Playbook 4: Malware Infection

Identification

Indicators:

Triage:

□ What type of malware? (ransomware, RAT, cryptominer, etc.)
□ How many systems affected?
□ Is it spreading?
□ What's the business impact?
□ Is data at risk?

Containment

IMMEDIATE:
□ Isolate infected system(s)
□ Collect memory dump BEFORE shutdown
□ Block C2 IPs/domains
□ Identify potentially affected systems
□ Preserve evidence

DO NOT:
□ Don't immediately reinstall (lose forensics)
□ Don't run multiple AV scans (may alert malware)
□ Don't power off without memory capture

Memory Acquisition:

# Linux - Using LiME
insmod lime.ko "path=/evidence/memory.lime format=lime"

# Windows - Using winpmem
winpmem_mini_x64.exe memory.raw

# Volatility analysis
vol.py -f memory.raw windows.pstree
vol.py -f memory.raw windows.malfind
vol.py -f memory.raw windows.netscan

Analysis

Questions to Answer:

□ What is the malware family?
□ What is the initial infection vector?
□ What are the C2 servers?
□ What capabilities does it have?
□ Has it spread to other systems?
□ What data has it accessed/exfiltrated?

Basic Analysis:

# Check file hash
sha256sum suspicious_file.exe

# Check VirusTotal
vt file suspicious_file.exe

# Network connections
netstat -ano | findstr ESTABLISHED

# Process list
tasklist /v

# Autostart locations
autorunsc -accepteula -a * -c -h -s -v -vt

Eradication

□ Identify all malware artifacts
□ Remove malware from all systems
□ Close infection vector
□ Reset compromised credentials
□ Update signatures/IOCs
□ Verify clean state

Recovery

□ Rebuild from clean image (preferred)
□ Or remove malware and verify clean
□ Restore user data from backup
□ Reconnect to network in phases
□ Enhanced monitoring for 30 days

Playbook 5: Phishing Incident

Identification

Reported By:

Triage:

□ What type of phishing? (credential, malware, BEC)
□ How many users received it?
□ How many clicked?
□ How many submitted credentials?
□ Was there malware involved?

Containment

IMMEDIATE:
□ Block sender email/domain
□ Delete email from all mailboxes
□ Block malicious URL at proxy
□ Identify all recipients

IF CREDENTIALS SUBMITTED:
□ Force password reset
□ Revoke sessions
□ Enable/verify MFA
□ Check for unauthorized access

Email Removal (Office 365):

# Search and delete phishing email
$search = New-ComplianceSearch -Name "PhishRemoval" -ExchangeLocation All -ContentMatchQuery 'from:attacker@evil.com AND subject:"Urgent"'
Start-ComplianceSearch -Identity "PhishRemoval"

# Review results
Get-ComplianceSearch -Identity "PhishRemoval" | FL

# Purge (hard delete)
New-ComplianceSearchAction -SearchName "PhishRemoval" -Purge -PurgeType HardDelete

Investigation

□ Analyze phishing email headers
□ Identify hosting infrastructure
□ Check for lookalike domains
□ Determine campaign scope
□ Report to abuse contacts

Header Analysis:

Key Headers to Check:
- Return-Path (actual sender)
- Received (email route)
- X-Originating-IP
- Authentication-Results (SPF, DKIM, DMARC)
- Message-ID

Post-Incident

□ User education (targeted training for clickers)
□ Update email filters
□ Consider simulated phishing exercise
□ Review security awareness program
□ Document lessons learned

Communication Templates

Internal Escalation

SUBJECT: [SEVERITY] Security Incident - [Brief Description]
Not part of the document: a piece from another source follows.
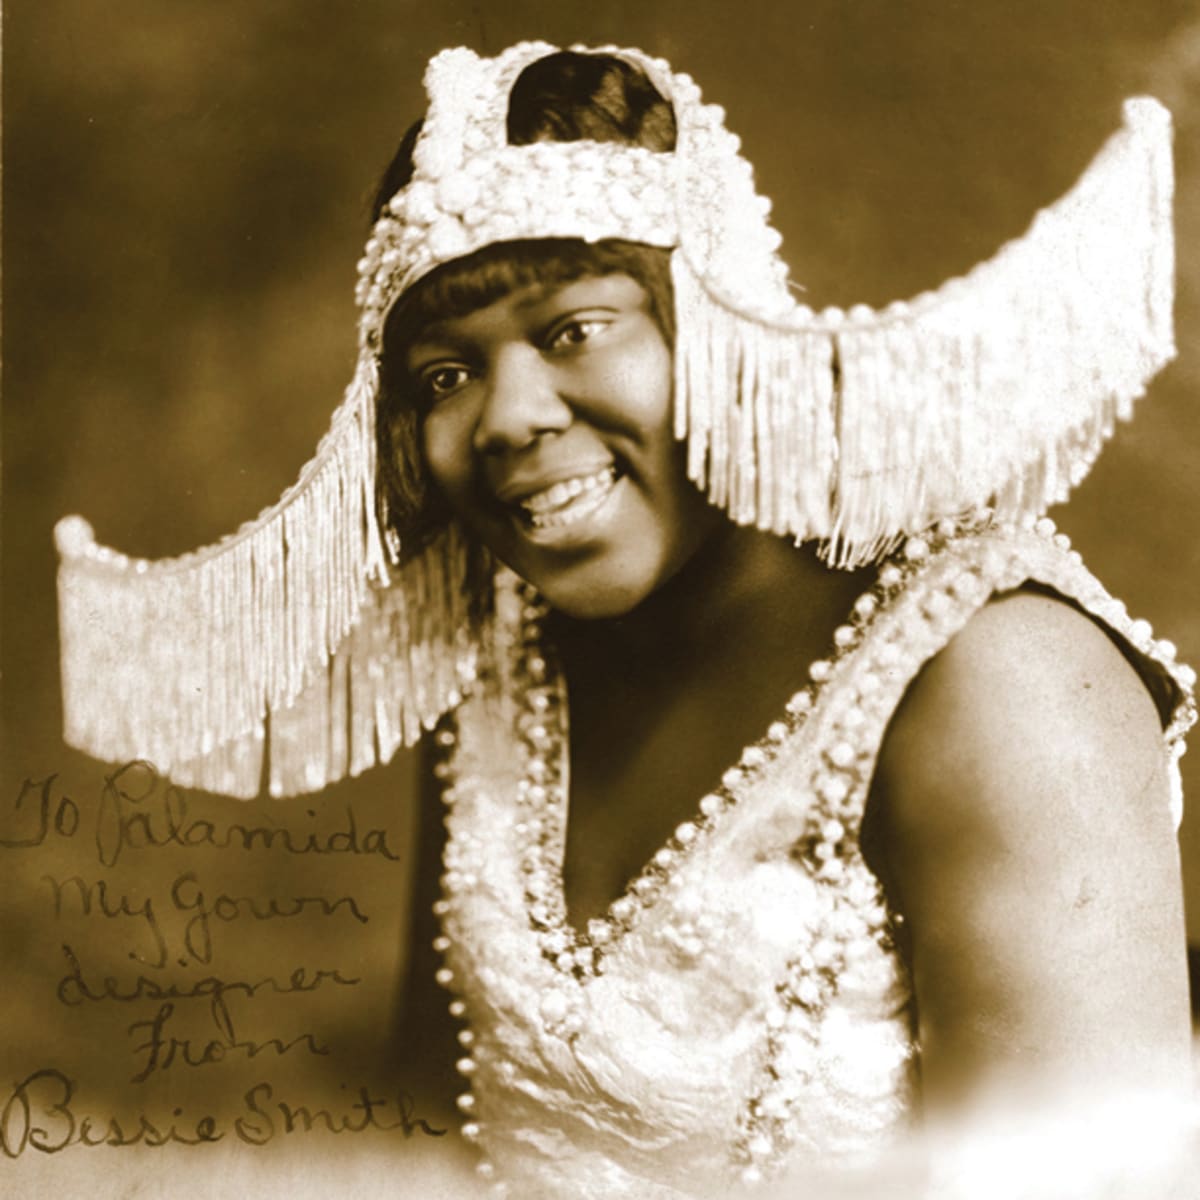 Bessie Smith's voice out loud and on Columbia 14527 - Goldmine Magazine: Record Collector & Music Memorabilia
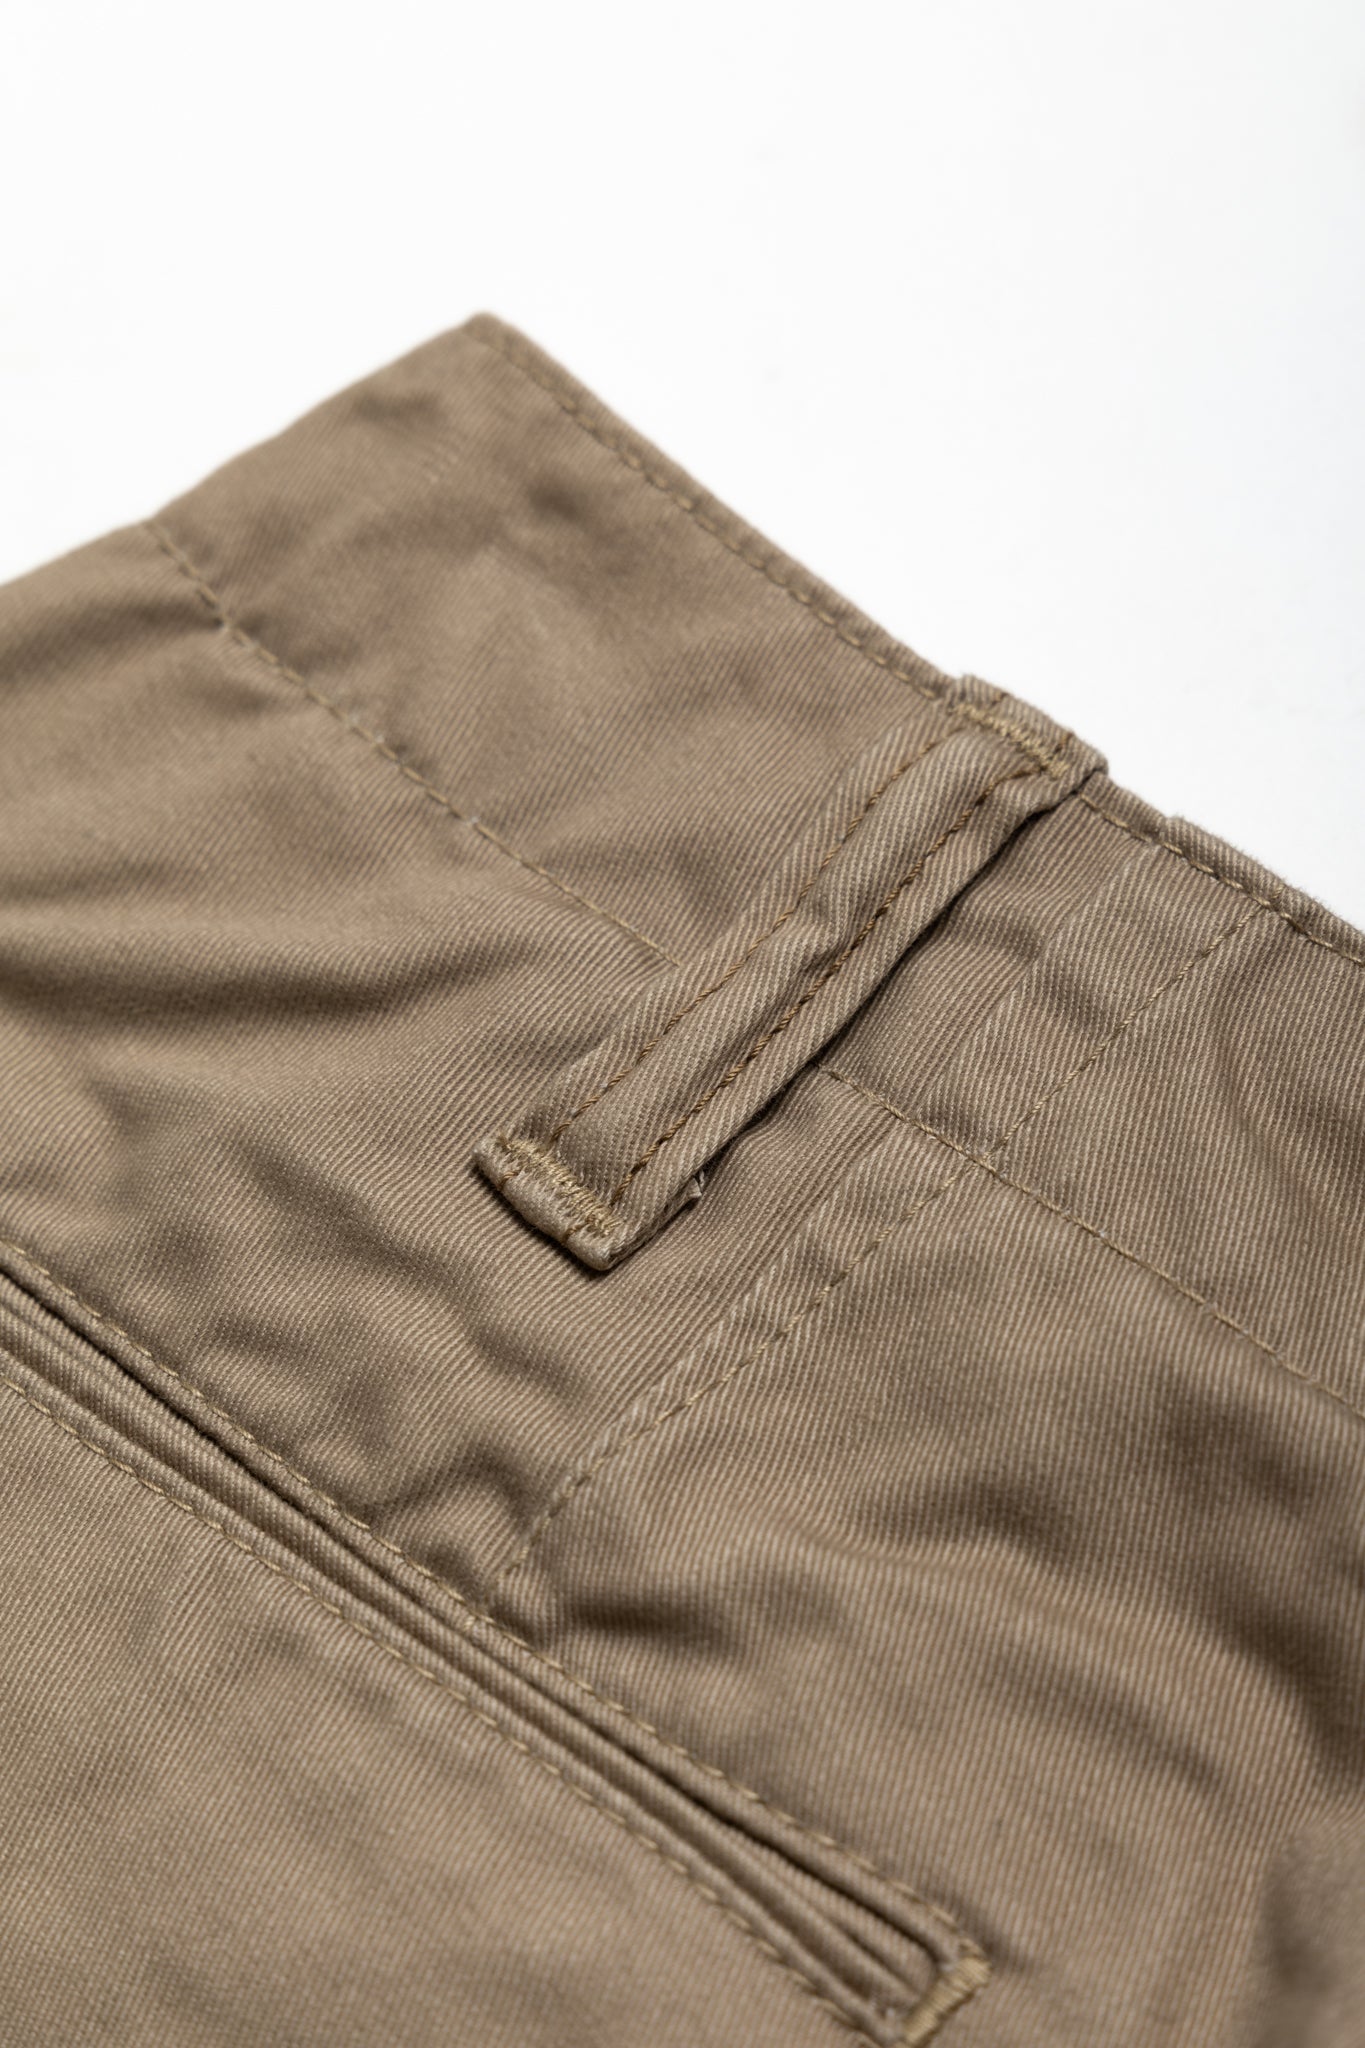 Worker's Chino High Density Twill Trousers - Beige

SEVERITY: Critical/High/Medium/Low
STATUS: Active/Contained/Resolved
INCIDENT ID: INC-2024-001

SUMMARY:
[2-3 sentences describing what happened]

IMPACT:
- Systems affected: [list]
- Users affected: [count]
- Data at risk: [yes/no, type]
- Business impact: [description]

CURRENT STATUS:
- What we know: [facts]
- What we don't know: [gaps]
- Current actions: [what's being done]

NEXT STEPS:
1. [Action] - [Owner] - [Timeline]
2. [Action] - [Owner] - [Timeline]

NEXT UPDATE: [Time]

CONTACT: [IR Lead name and contact]

Executive Update

SUBJECT: Security Incident Update - [Time]

SITUATION:
[One paragraph summary suitable for executives]

IMPACT:
☐ Customer data at risk: [Yes/No]
☐ Business operations affected: [Yes/No]
☐ Regulatory notification required: [Yes/No]
☐ Media attention likely: [Yes/No]

KEY METRICS:
- Systems affected: X
- Estimated recovery time: X hours/days
- Estimated cost: $X

ACTIONS TAKEN:
• [Action 1]
• [Action 2]

DECISIONS NEEDED:
• [Decision point, if any]

NEXT UPDATE: [Time]

Customer/Public Notification

SUBJECT: Security Incident Notice

We detected unauthorized activity in our systems on [date].

WHAT HAPPENED:
[Clear, factual description without technical jargon]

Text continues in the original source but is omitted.